Когда я на следующее утро проснулся, девушка исчезла без следа, заставив меня усомниться в истинности ночного происшествия. Может, все это приснилось? Но моя разбросанная вдали от одеяла одежда свидетельствовала, что спать я лег не вполне обычным образом.

Я оделся, уложил свои вещи в седельные сумки и, вынеся седло на крыльцо, призывно свистнул. Уголек примчался так быстро, словно уже ждал меня, и я верхом направился к воротам. По пути я искал взглядом Ирсу – хотел с нею попрощаться. Но заметил только троих из вчерашних старейшин и, за неимением лучшего, простился с ними.

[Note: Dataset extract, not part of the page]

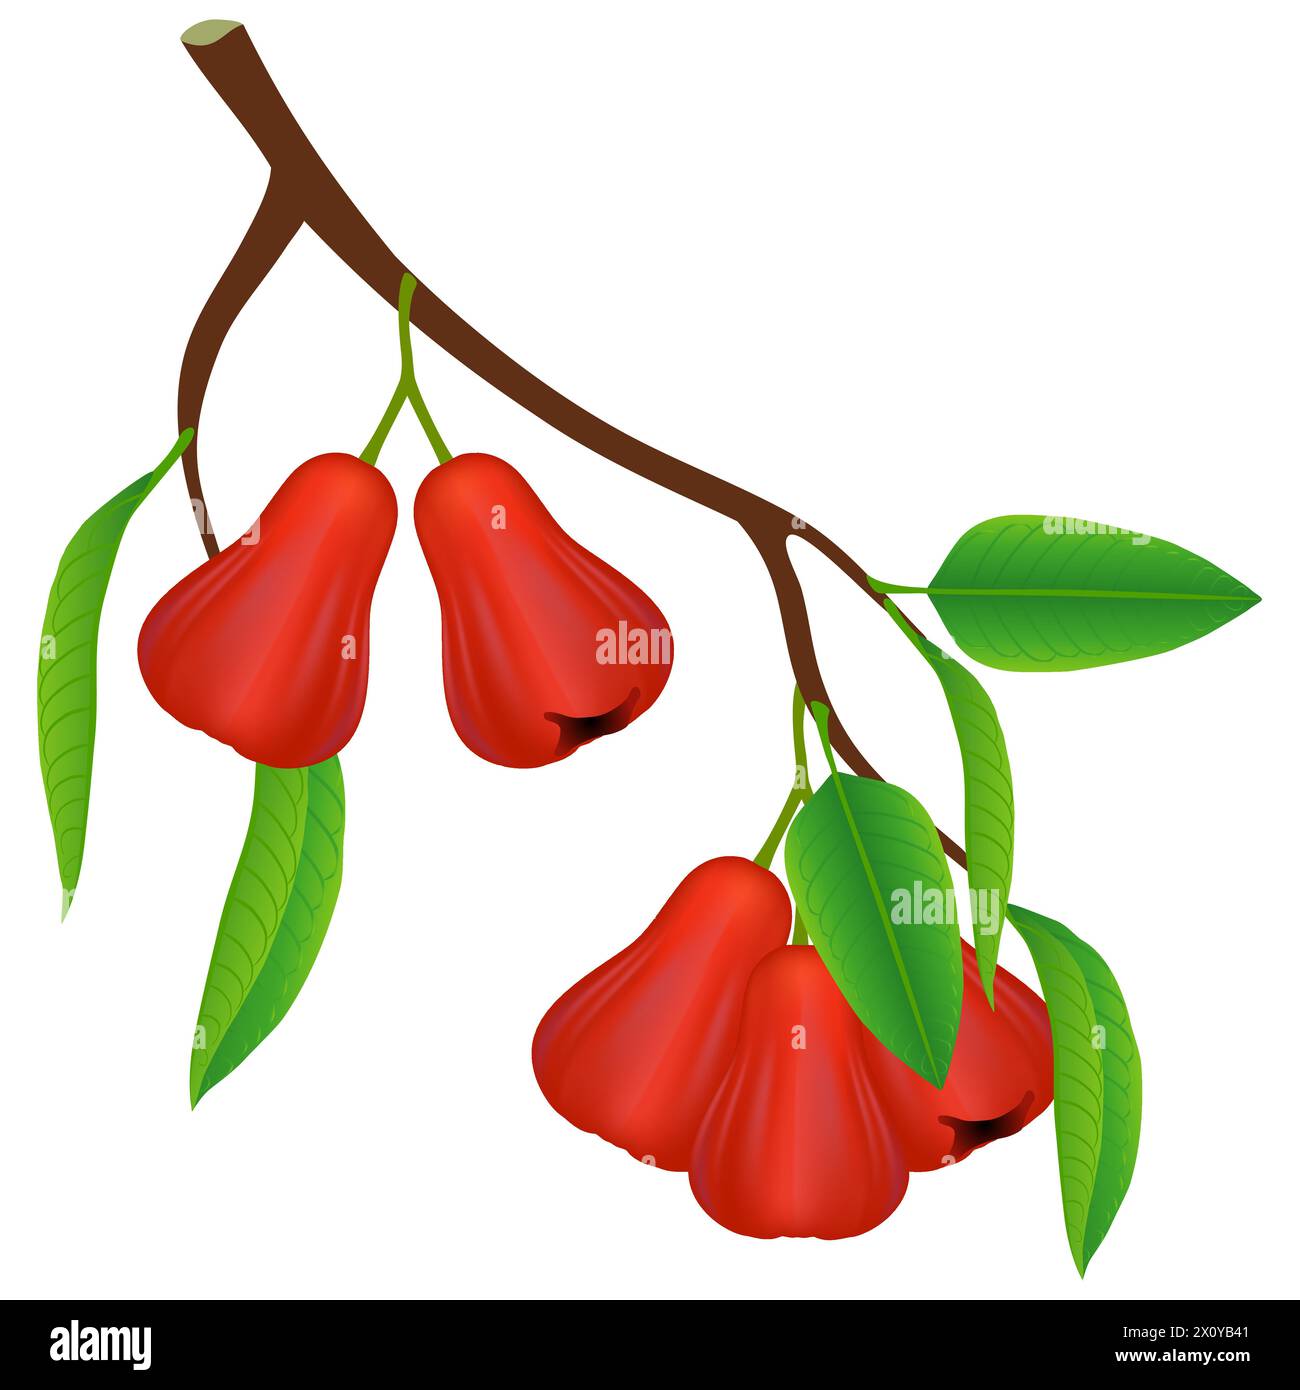 A branch with rose apples and leaves on a white background. Stock Vector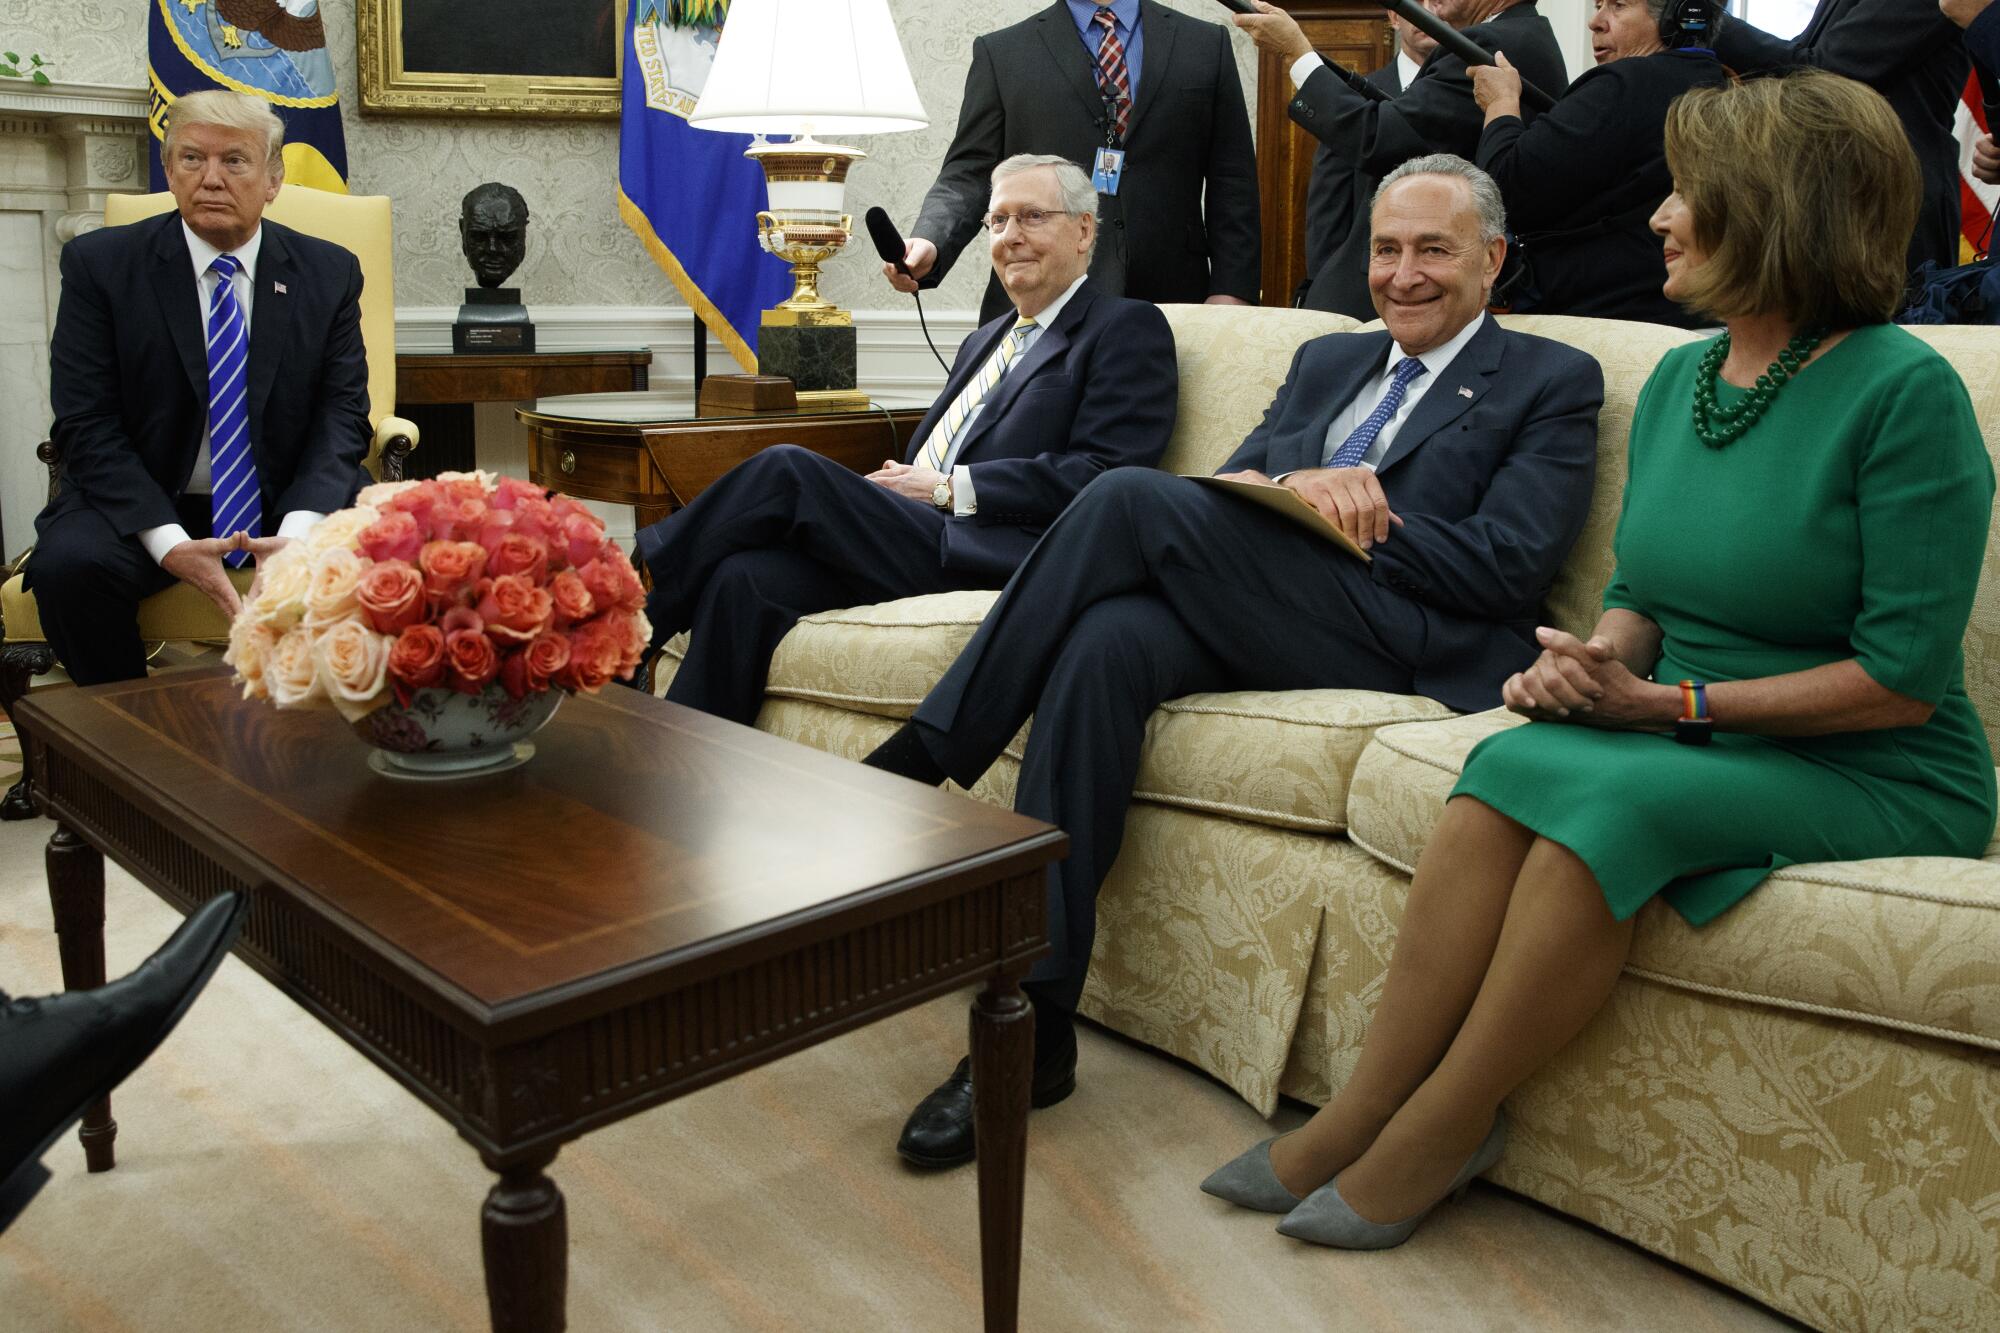 President Trump meets with Mitch McConnell, Charles Schumer and Nancy Pelosi in the Oval Office on Sept. 6, 2017.

За воротами я перевел Уголька на размашку, желая наверстать упущенное время, поскольку уже давно наступило утро. По мере того, как я удалялся от Ураторпа, лес постепенно густел, переходя из дубового в смешанный. Ближе к полудню лесная дорога сузилась в тропу, по которой мне пришлось рысить не так резво. Я как раз проехал очередной поворот этой тропы, и тут прямо передо мной поперек дороги рухнула довольно большая осина. Я натянул поводья и схватился за рукоять Скаллаклюва, быстро разворачивая коня. Так и есть. Вокруг меня выросло словно из-под земли человек пять оборванцев с ножами, копьями, топорами и, главное, в масках.

Разбойники с незапамятных времен делились на заядлых и тайных. Эти последние являлись обыкновенными крестьянами, для которых разбой служил своего рода отхожим промыслом, и они надевали маски, чтобы какая-нибудь жертва их деятельности не опознала своих обидчиков. Заядлым же такая мера предосторожности была не нужна, поскольку встречаться с ограбленными они больше не собирались, разве что для того чтобы снова ограбить их.

Окружившие меня разбойники проживали, скорей всего, в Ураторпе. Видимо, прознали, что у меня водятся эйриры. Окинув их взглядом, я подумал, что среди них явно не найдется ни одного будущего Исси Шиндара, биранского разбойника, ставшего с помощью вратников королем, а потом отправившего своих благодетелей кого в могилу, а кого – в рабство, на строительство каналов и плотин в Джунгарии. Впрочем, неизвестно, носил ли он когда-нибудь маску, хоть и был сыном крестьянина, сбежавшим из дому искать счастья…

– Что вам нужно? – высокомерно осведомился я.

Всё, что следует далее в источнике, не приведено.